THE TASK ▸ Output the listing below verbatim, without images.

DATA BELOW ▸
<<<<

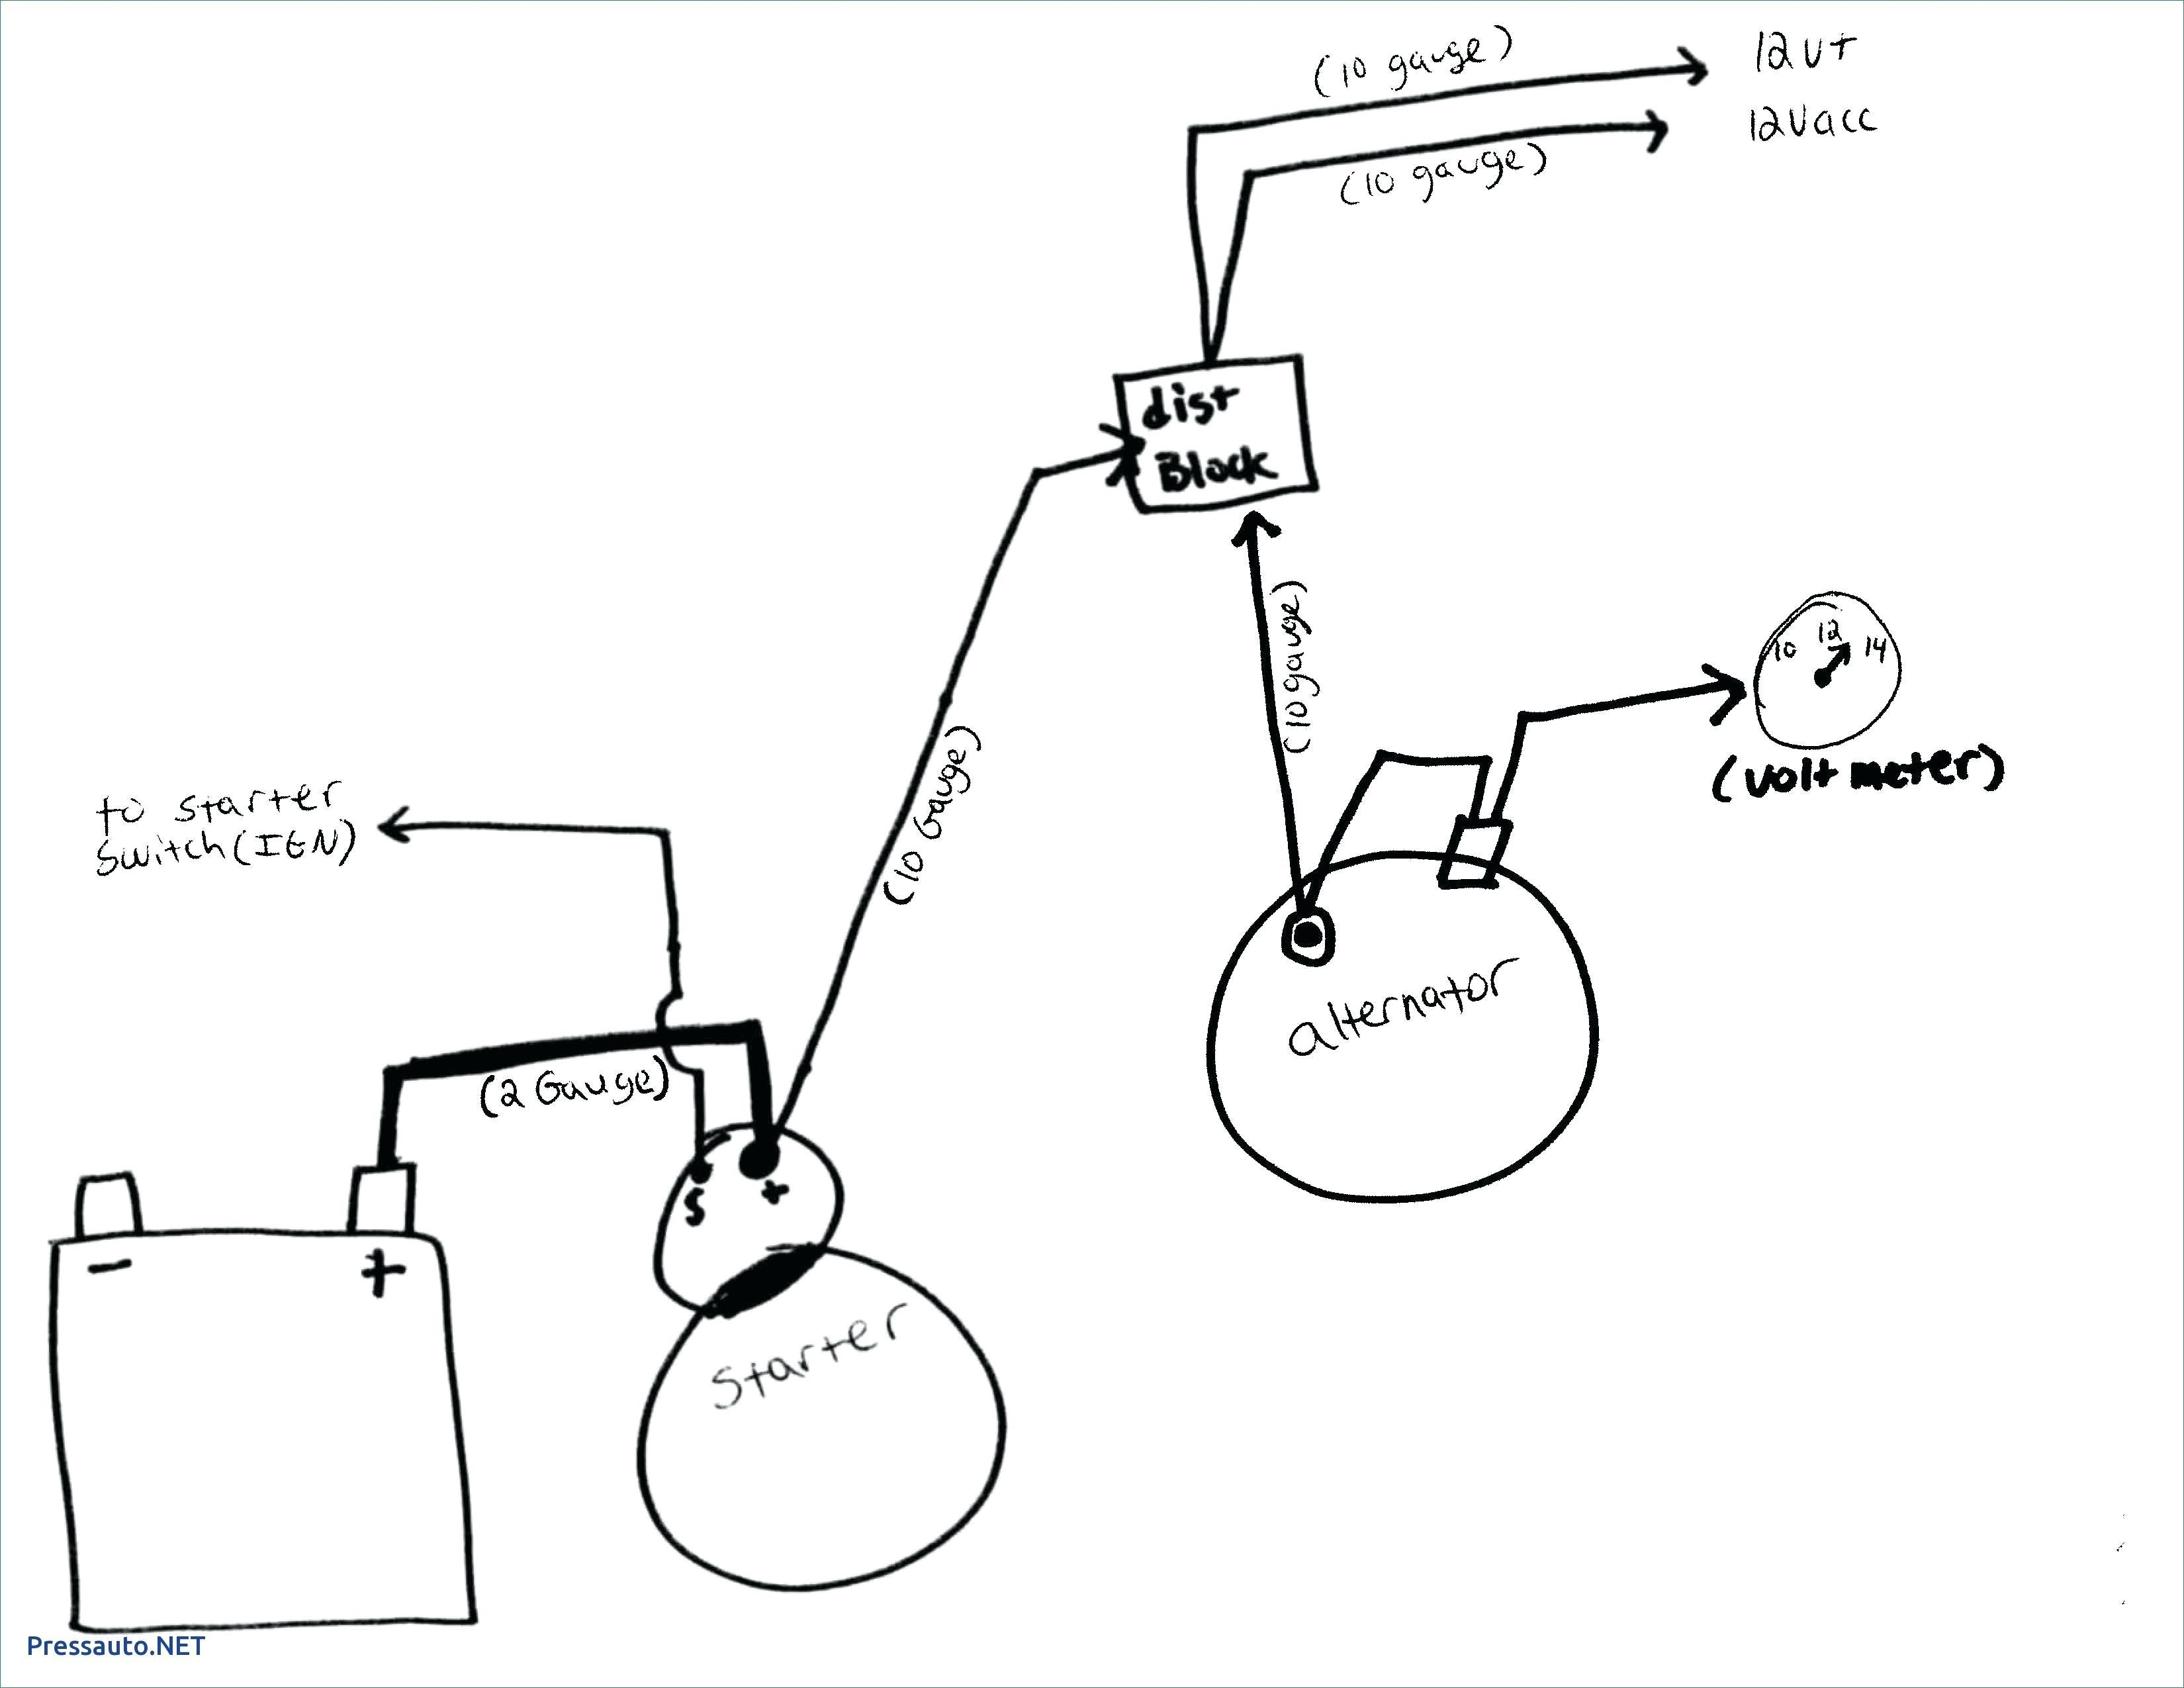 nx_7107] 2wire chevy alternator wiring diagram also 2wire ... 1970 chevy alternator wiring diagram one wire alternator conversion cali sapebe mohammedshrine librar wiring 101
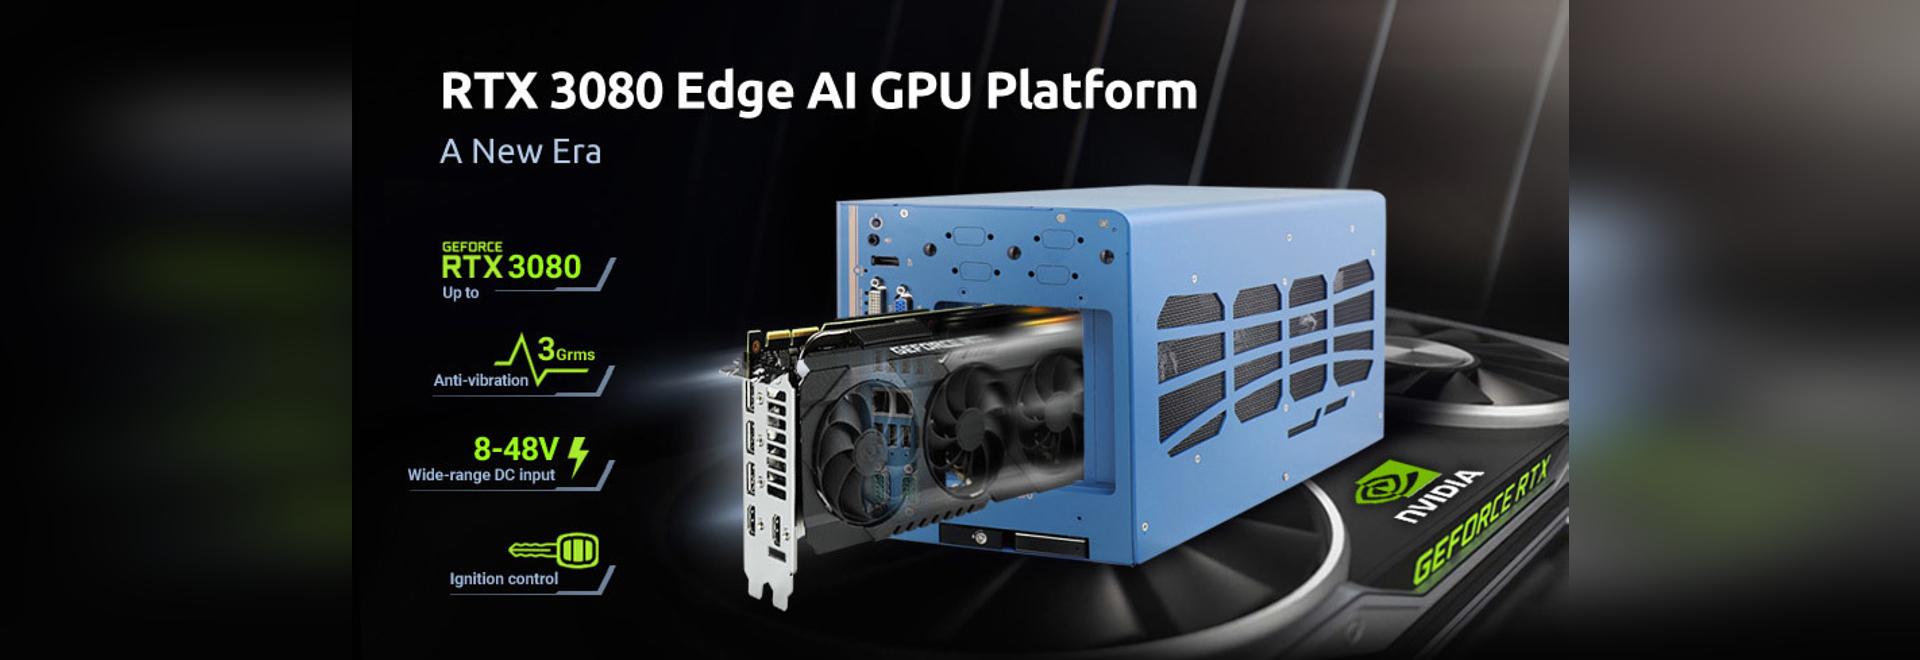 Neousys New Edge AI GPU Computing Platform with NVIDIA® RTX 30 series
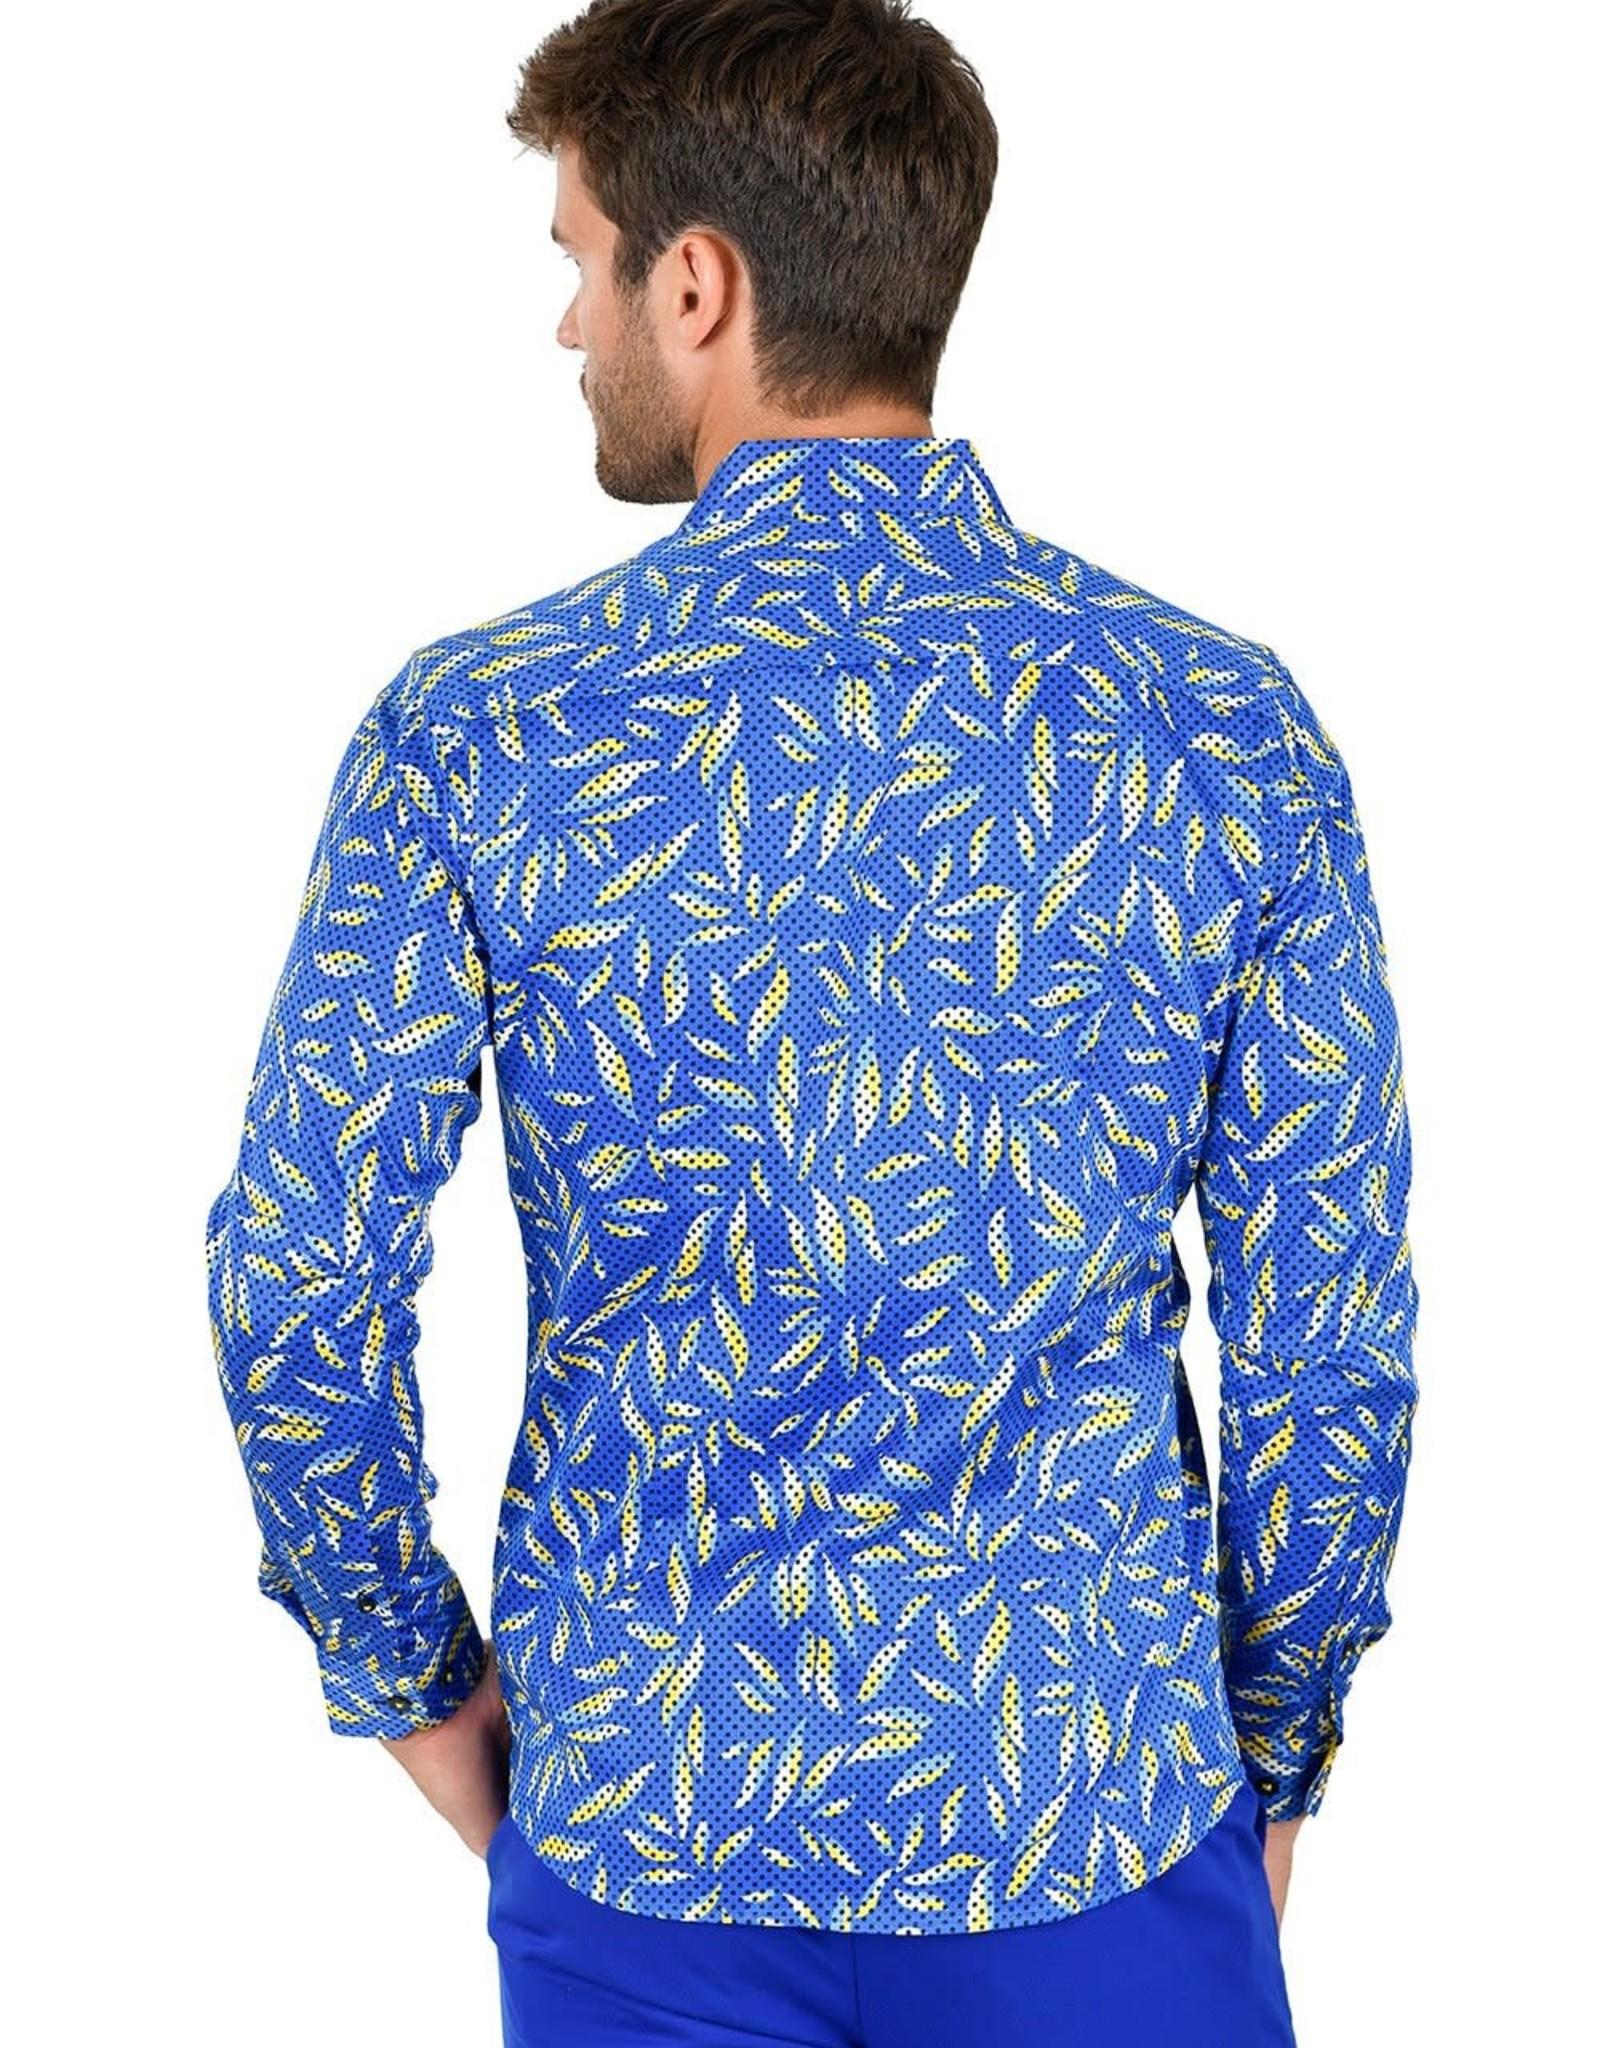 Barabas Charming Breeze Shirt

>>>>

EXPECTED ANSWER ▸
 nx_7107] 2wire chevy alternator wiring diagram also 2wire ... 1970 chevy alternator wiring diagram one wire alternator conversion cali sapebe mohammedshrine librar wiring 101
 Neousys New Edge AI GPU Computing Platform with NVIDIA® RTX 30 series
 Barabas Charming Breeze Shirt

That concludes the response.